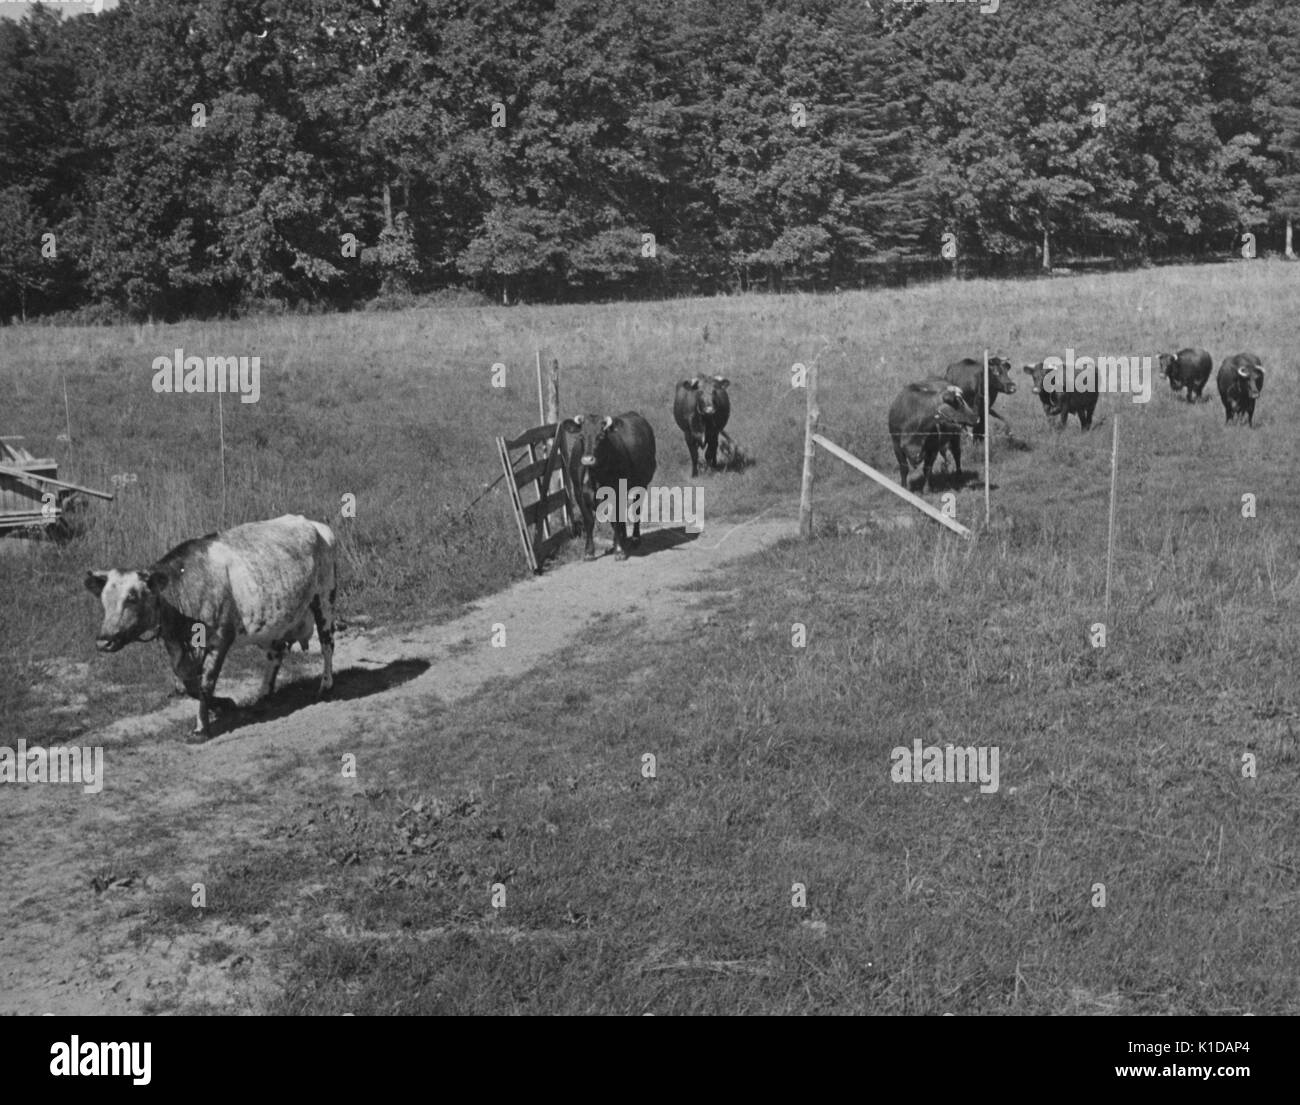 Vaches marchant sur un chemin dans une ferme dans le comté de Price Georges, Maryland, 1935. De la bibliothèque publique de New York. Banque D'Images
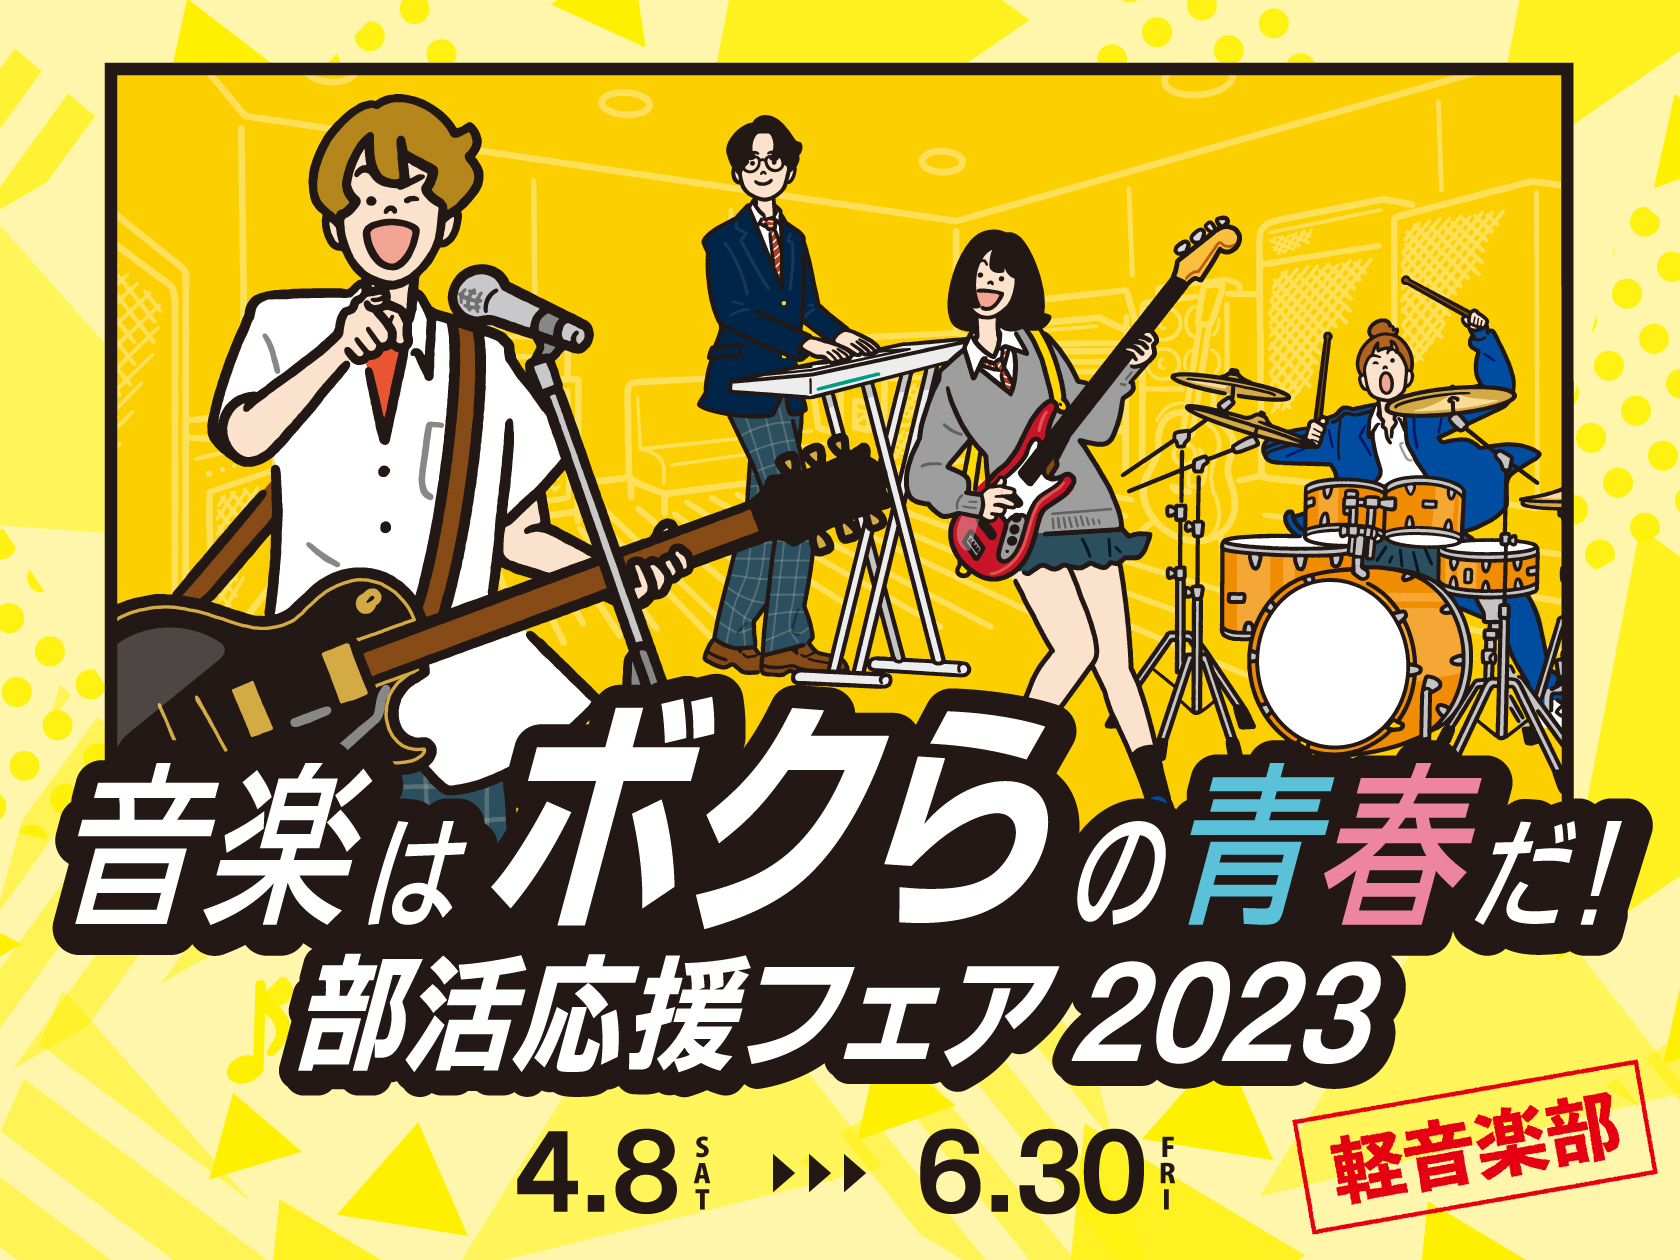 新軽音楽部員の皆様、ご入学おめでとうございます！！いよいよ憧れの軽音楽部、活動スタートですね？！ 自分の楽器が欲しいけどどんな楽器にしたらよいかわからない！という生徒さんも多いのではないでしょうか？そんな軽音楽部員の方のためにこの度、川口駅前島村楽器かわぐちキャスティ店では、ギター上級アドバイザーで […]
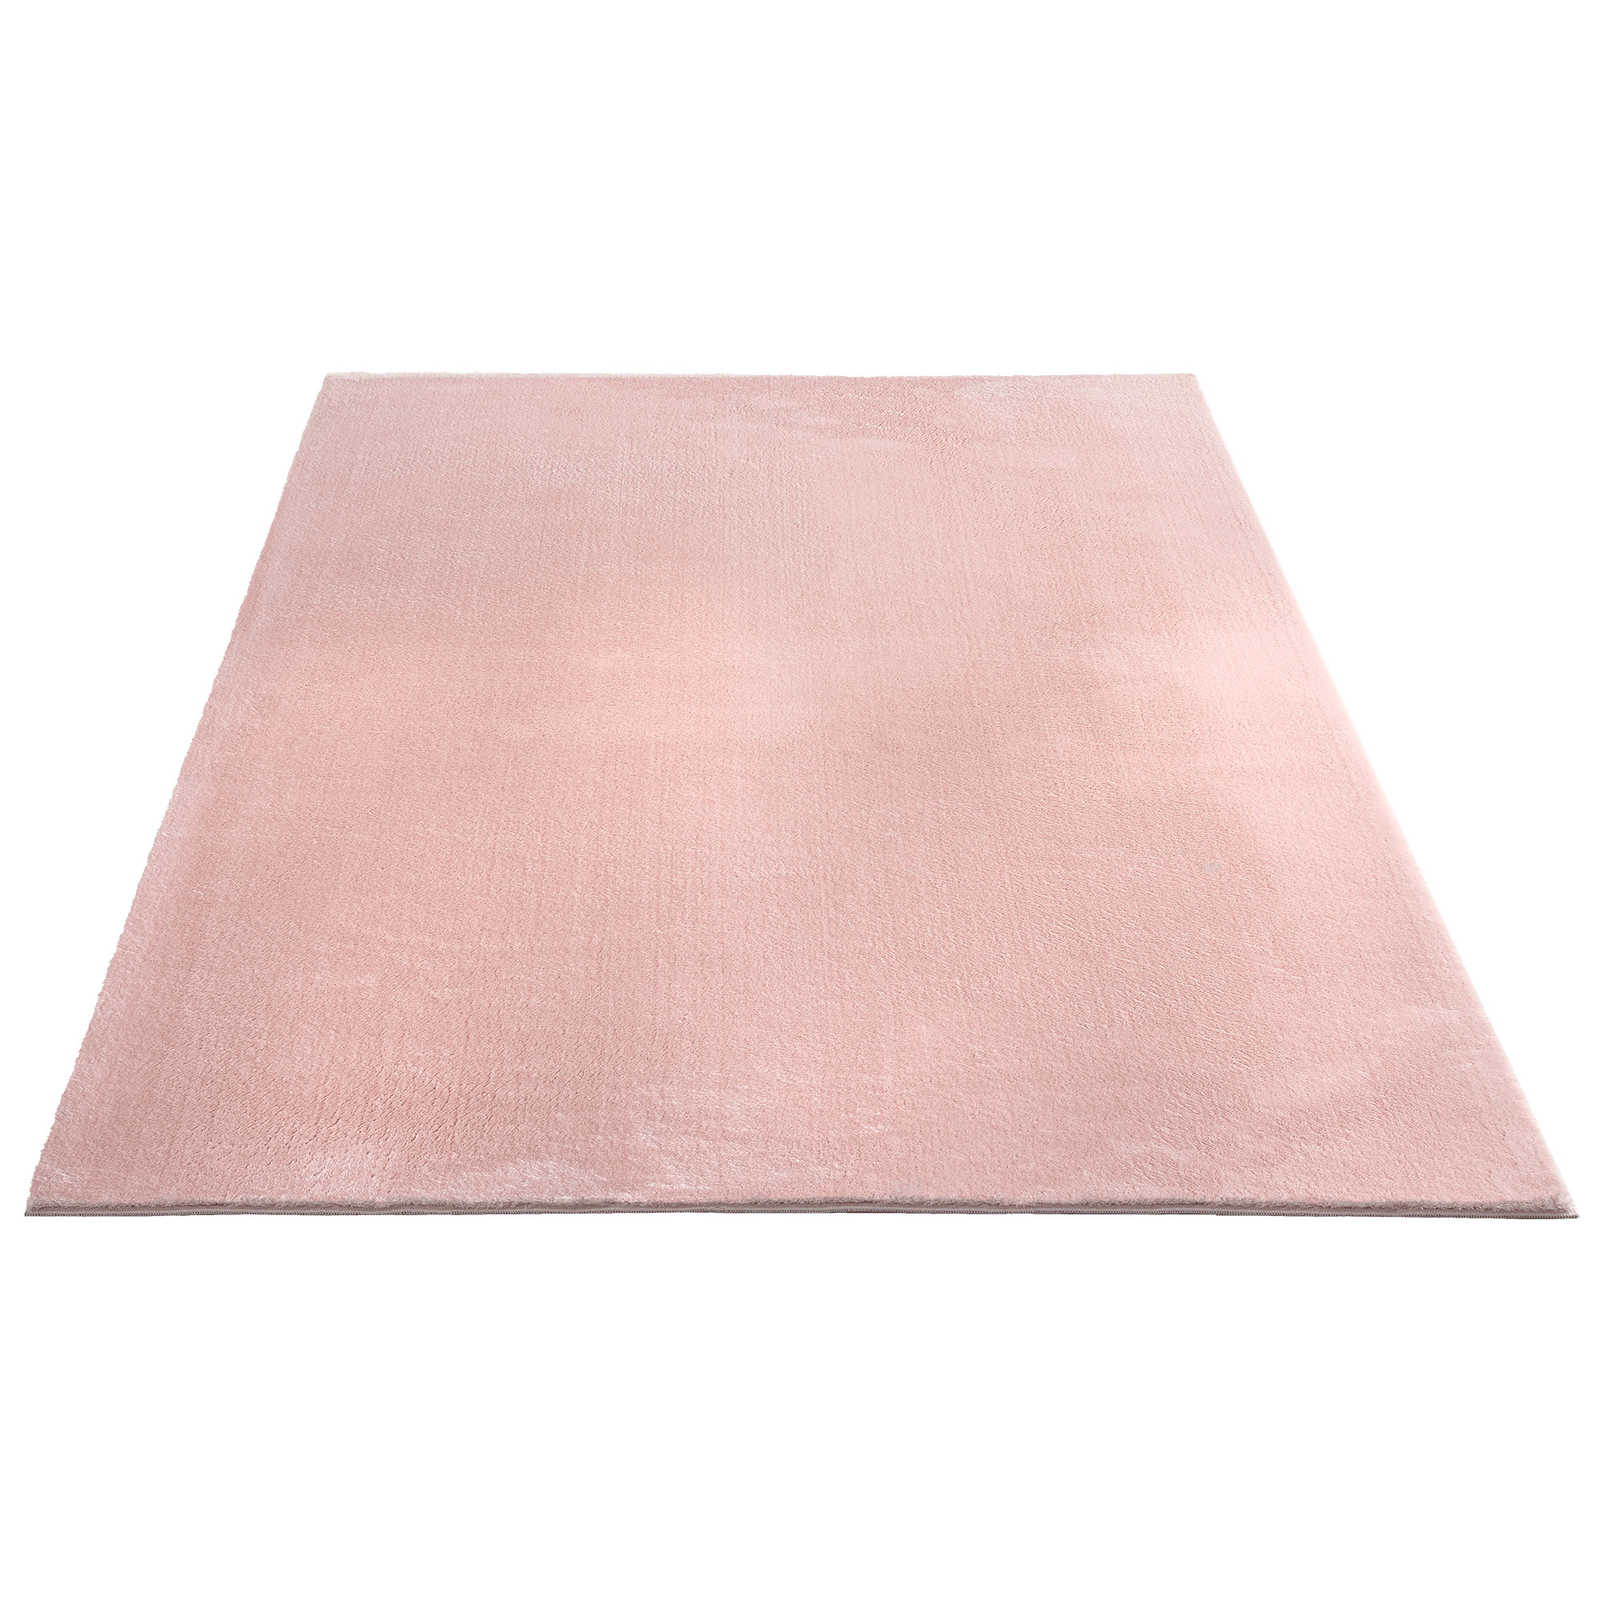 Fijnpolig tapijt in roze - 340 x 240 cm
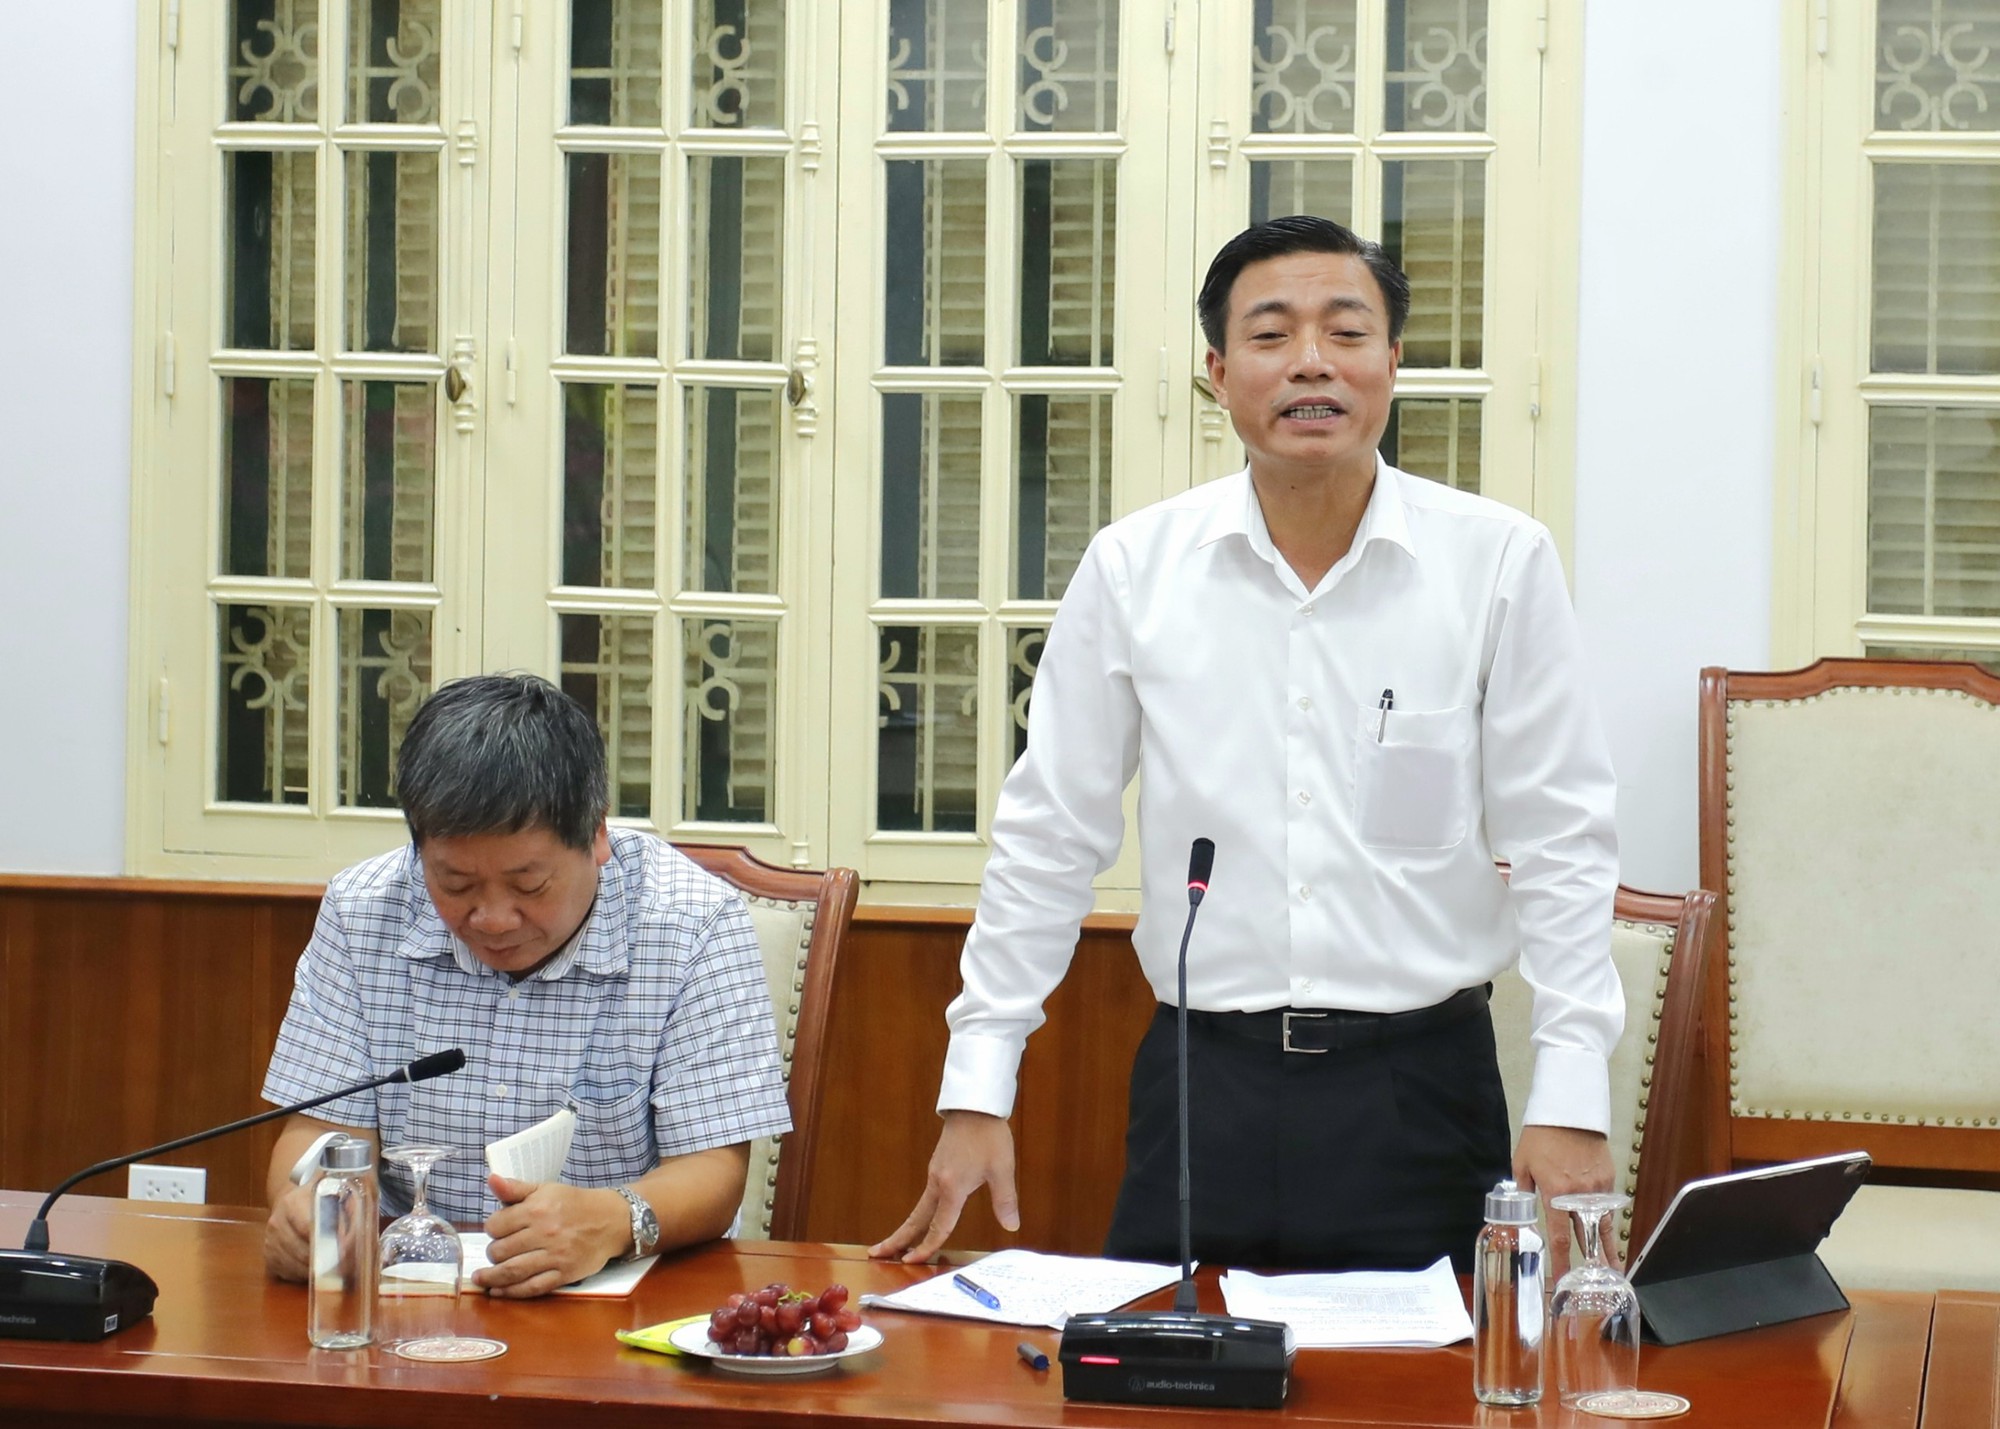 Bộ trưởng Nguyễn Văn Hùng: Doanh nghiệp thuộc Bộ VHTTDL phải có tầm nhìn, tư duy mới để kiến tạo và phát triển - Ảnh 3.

■ REQUIREMENT
The expected answer is the full listing above, transcribed exactly and without pictures.

■ SOLUTION
 Vaches marchant sur un chemin dans une ferme dans le comté de Price Georges, Maryland, 1935. De la bibliothèque publique de New York. Banque D'Images
 新軽音楽部員の皆様、ご入学おめでとうございます！！いよいよ憧れの軽音楽部、活動スタートですね？！ 自分の楽器が欲しいけどどんな楽器にしたらよいかわからない！という生徒さんも多いのではないでしょうか？そんな軽音楽部員の方のためにこの度、川口駅前島村楽器かわぐちキャスティ店では、ギター上級アドバイザーで […]
 Fijnpolig tapijt in roze - 340 x 240 cm
 Bộ trưởng Nguyễn Văn Hùng: Doanh nghiệp thuộc Bộ VHTTDL phải có tầm nhìn, tư duy mới để kiến tạo và phát triển - Ảnh 3.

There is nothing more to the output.